** Data excerpt **
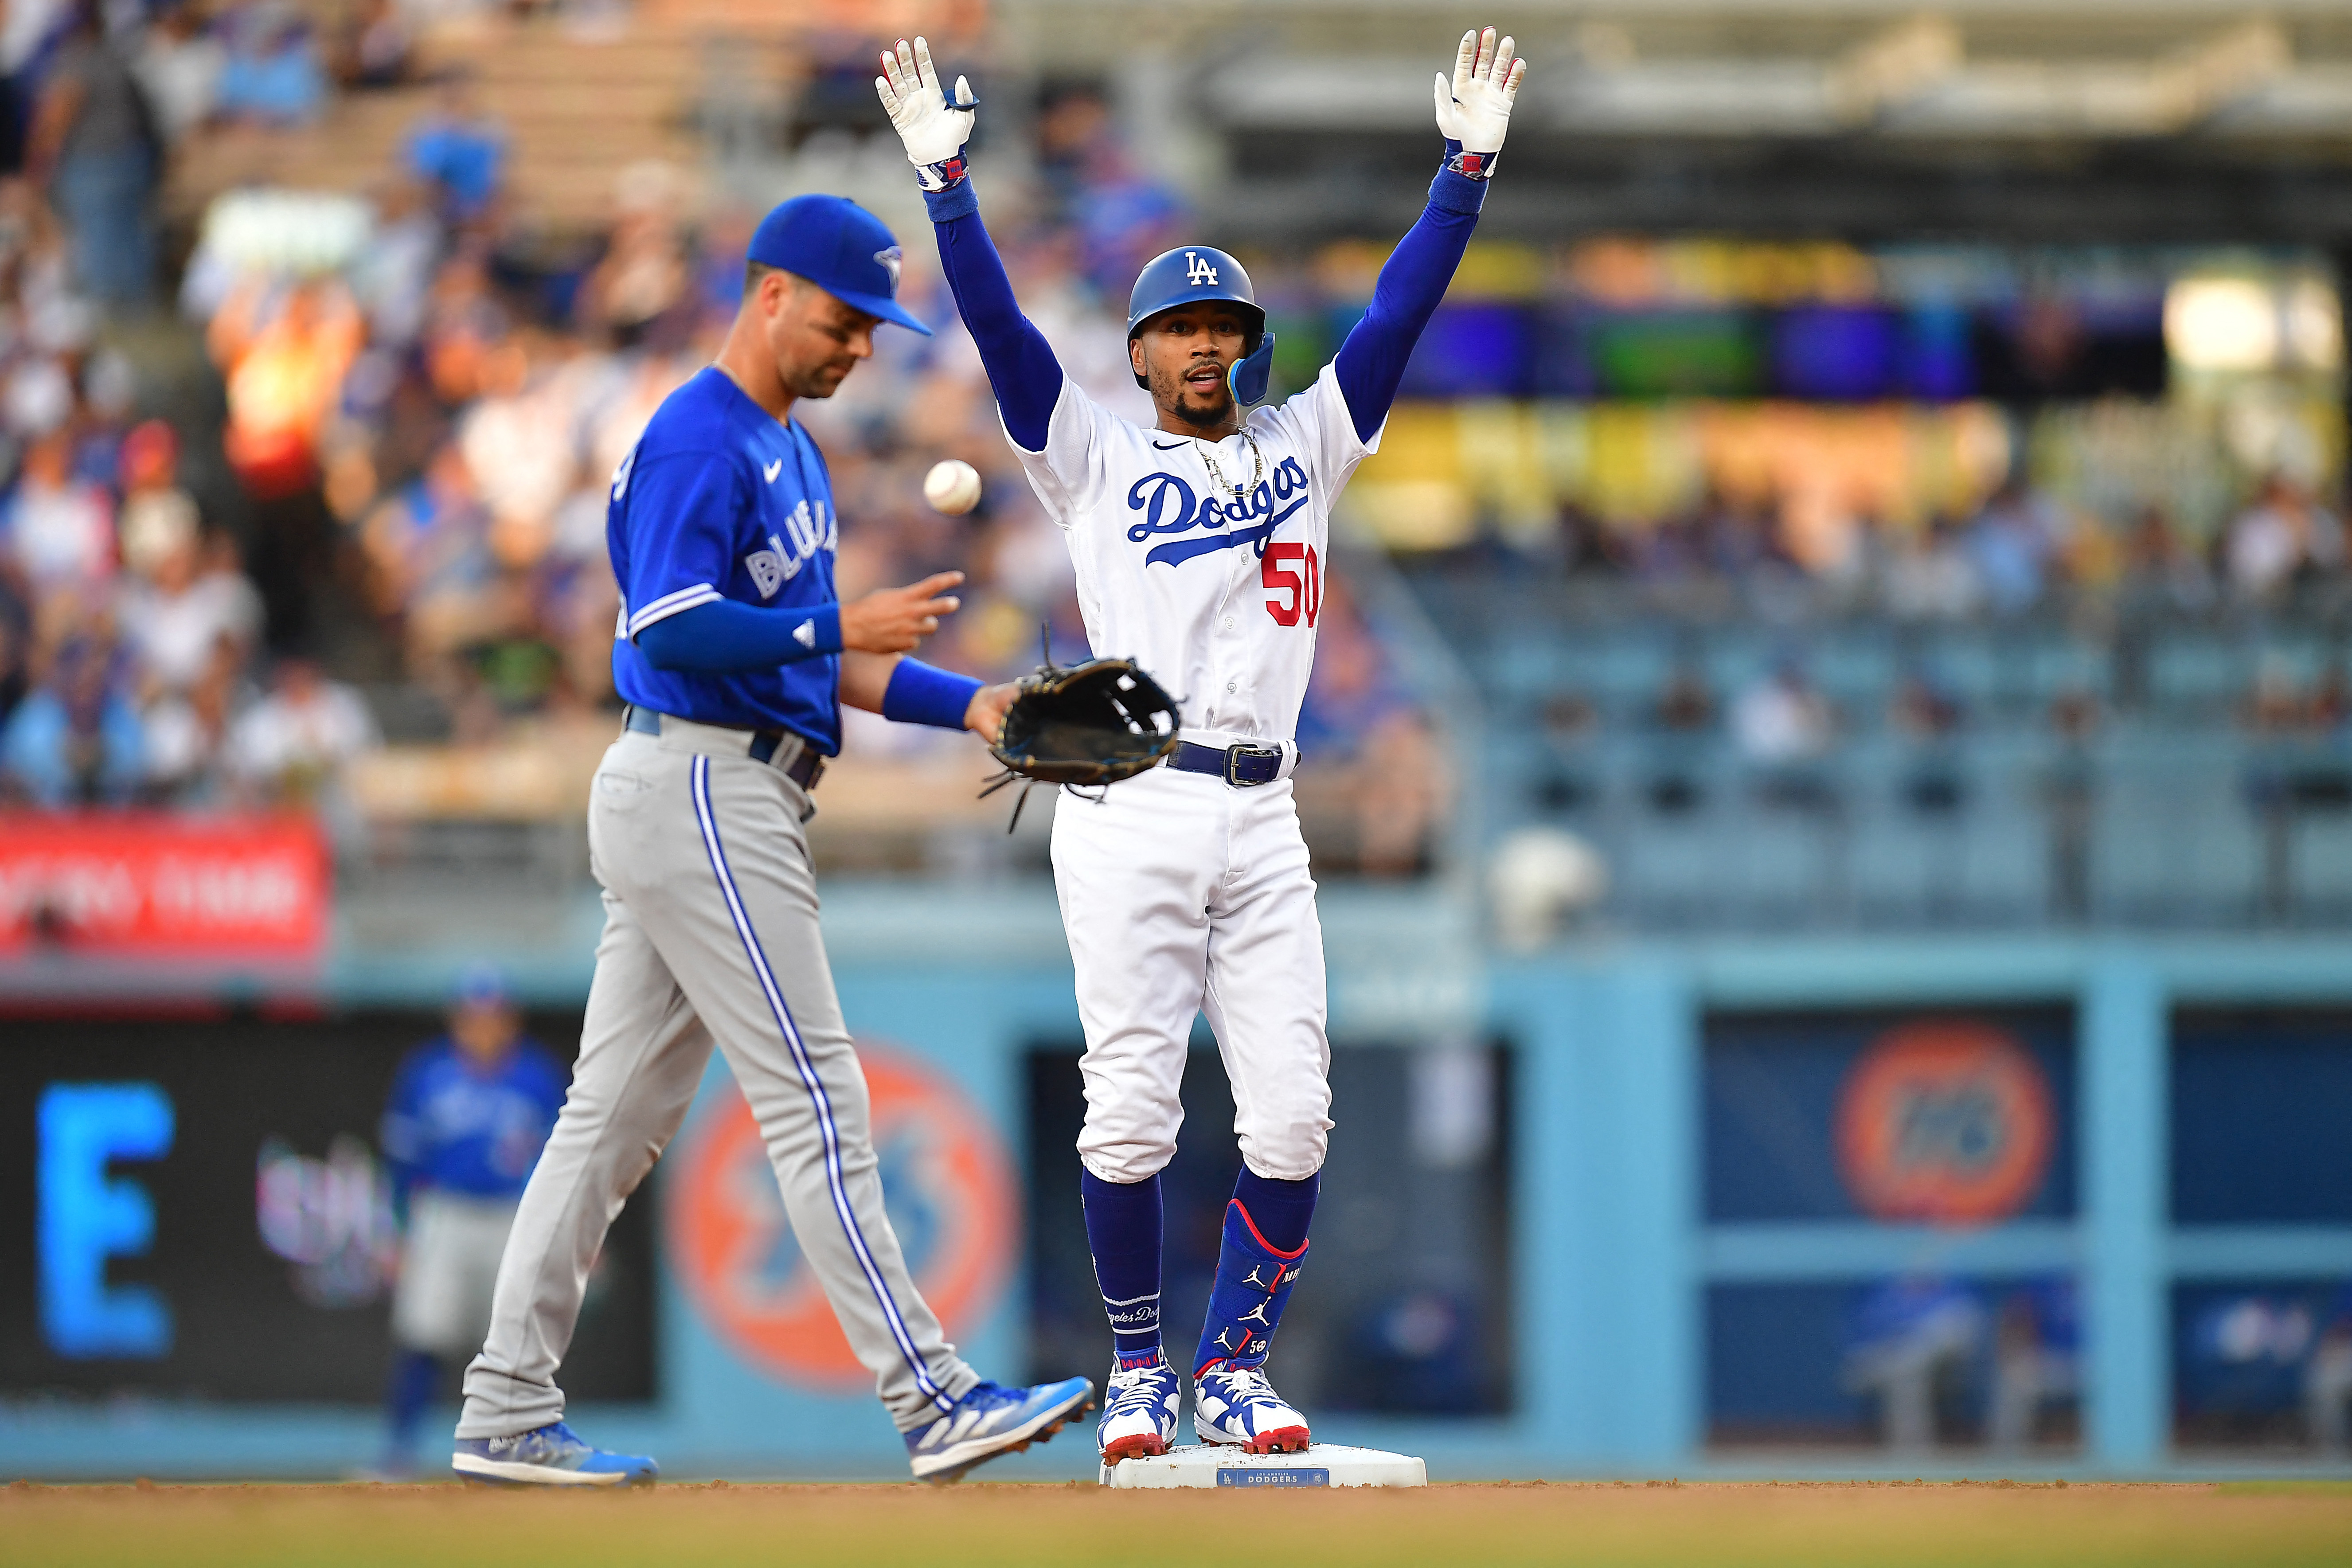 Dodgers Reveal Their Extensive All-Star Game Plans
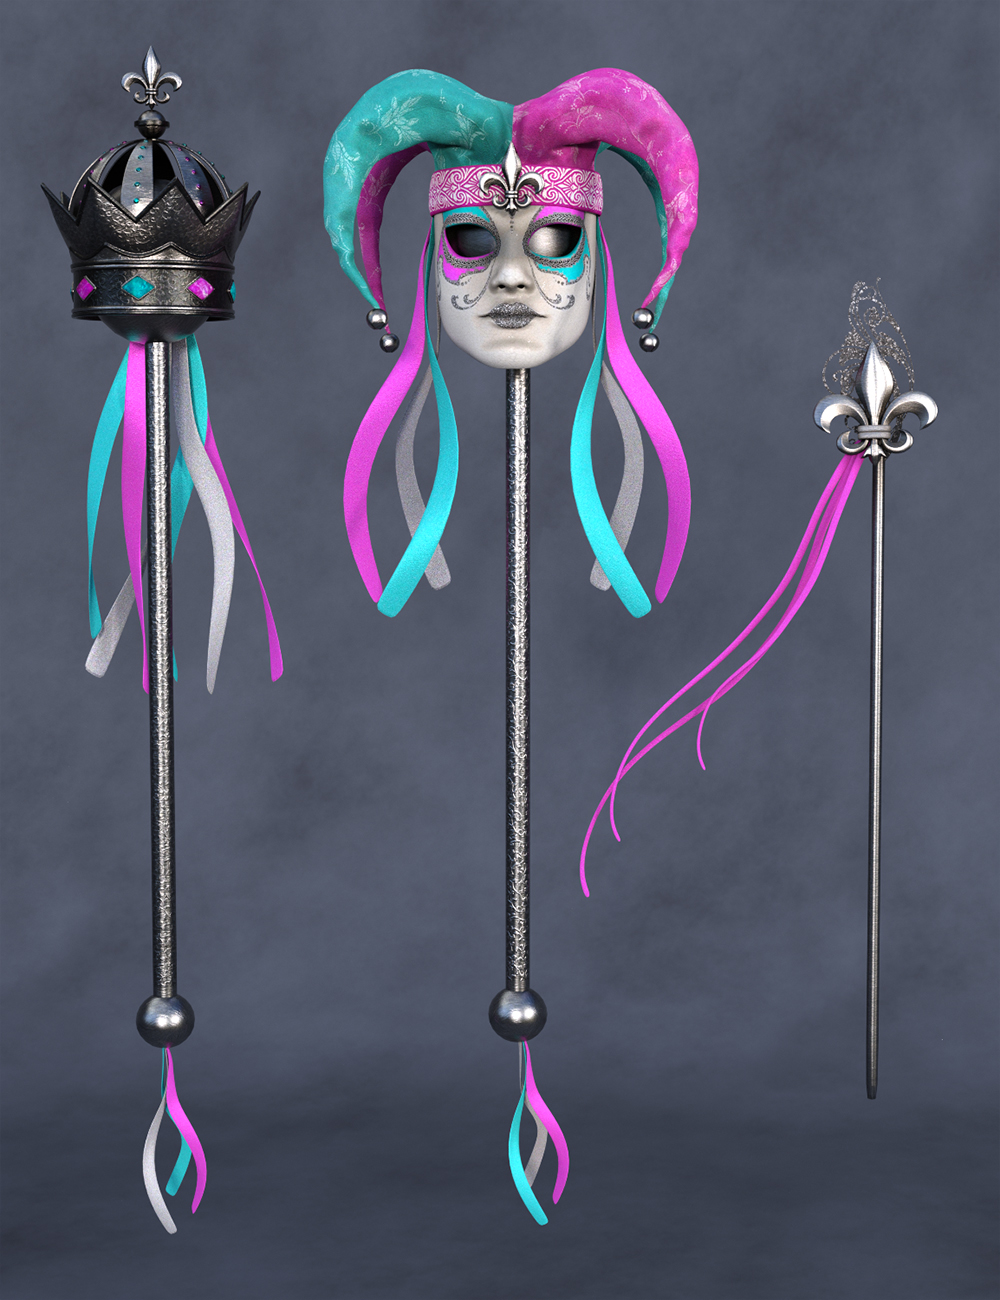 Fun Mardi Gras Mix and Match Scepters for Genesis 8 and 8.1
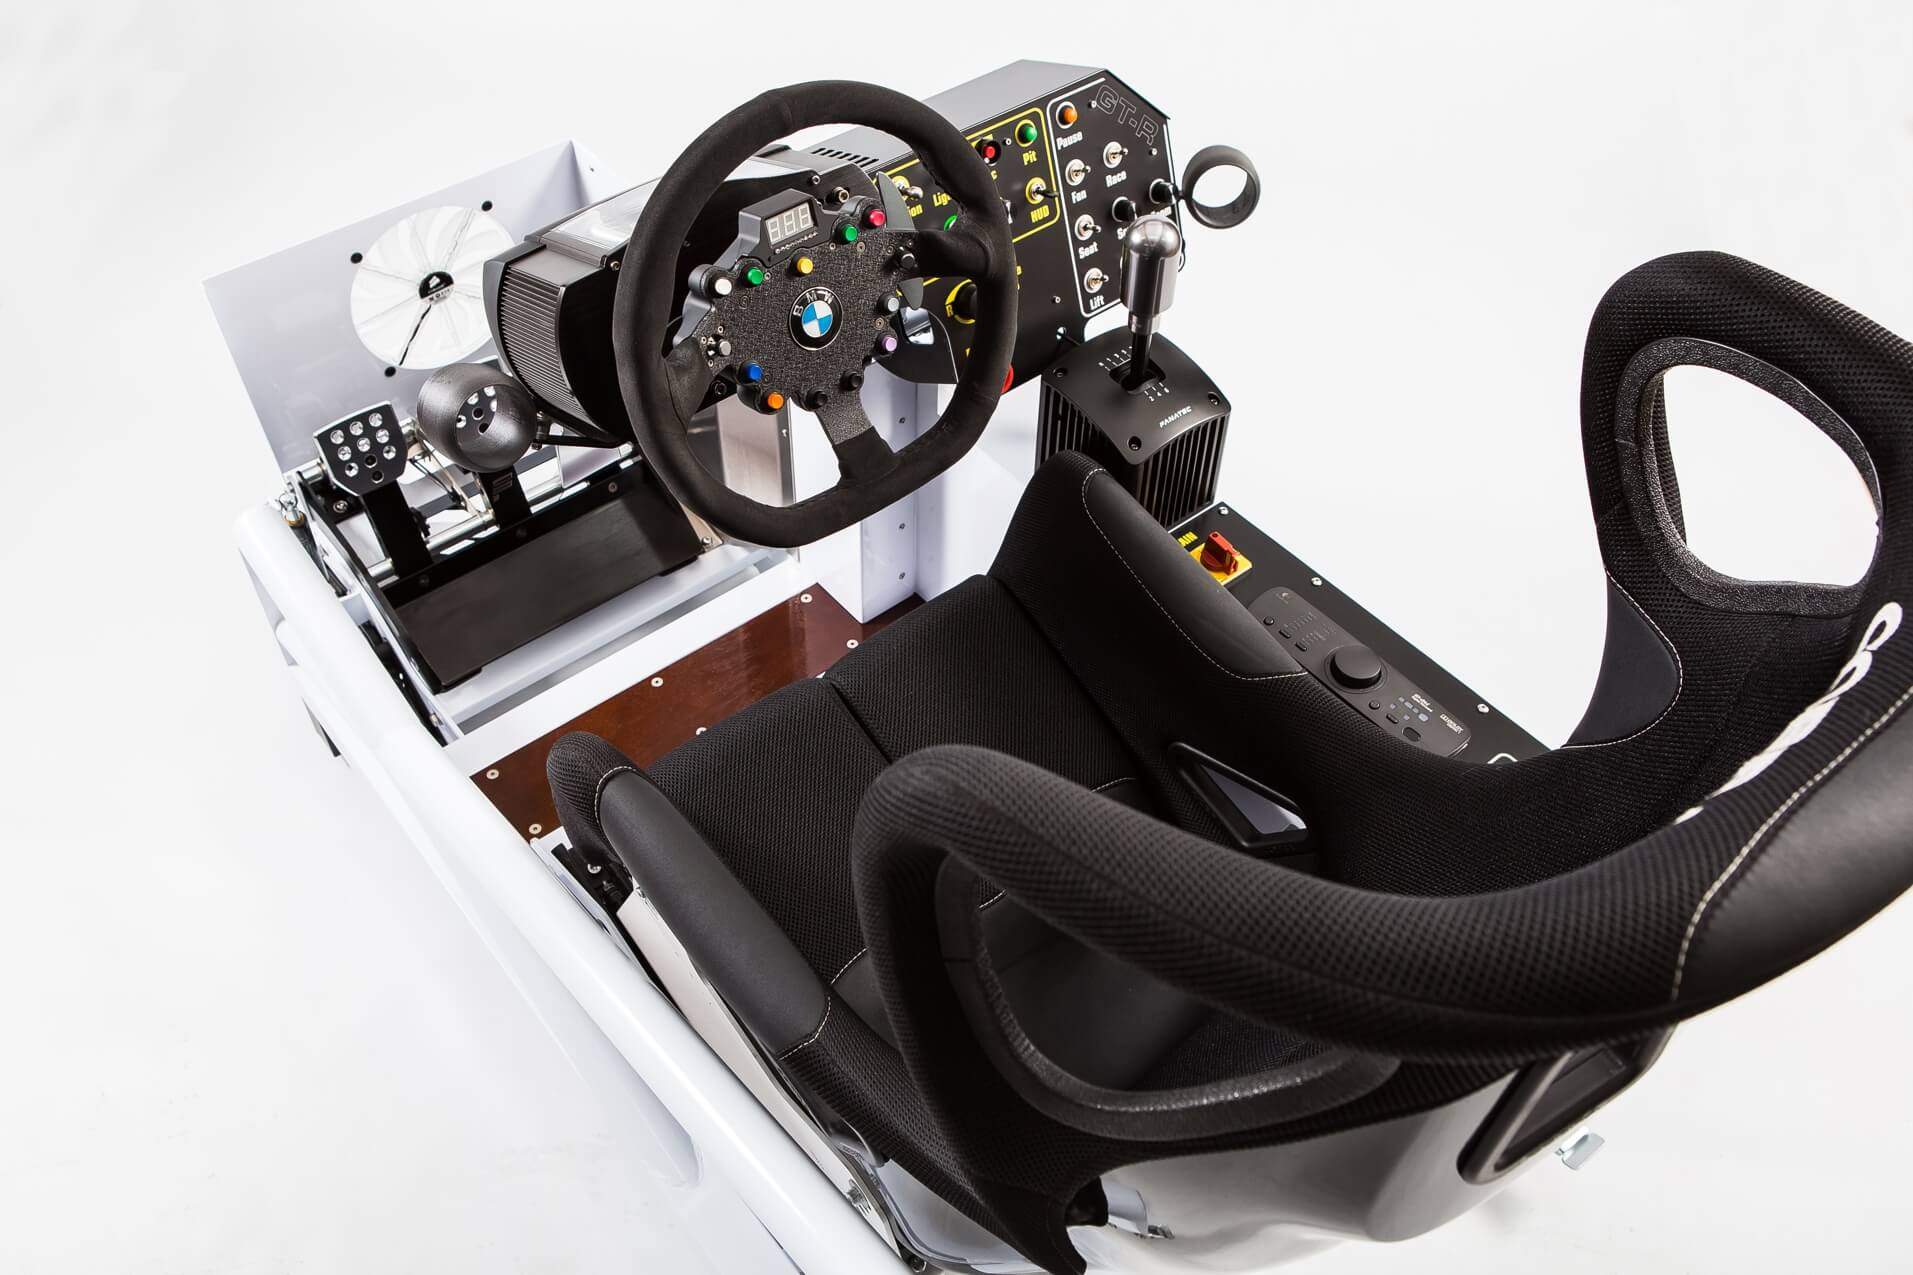 The sim racing rig Len built to race with in the local Sports and GT iRacing series.

** Exercise directions **
When you copy the listing, keep every line exactly as it is but leave out all images.

** Solution **
 Dodgers Reveal Their Extensive All-Star Game Plans
 Fun Mardi Gras Mix and Match Scepters for Genesis 8 and 8.1
 The sim racing rig Len built to race with in the local Sports and GT iRacing series.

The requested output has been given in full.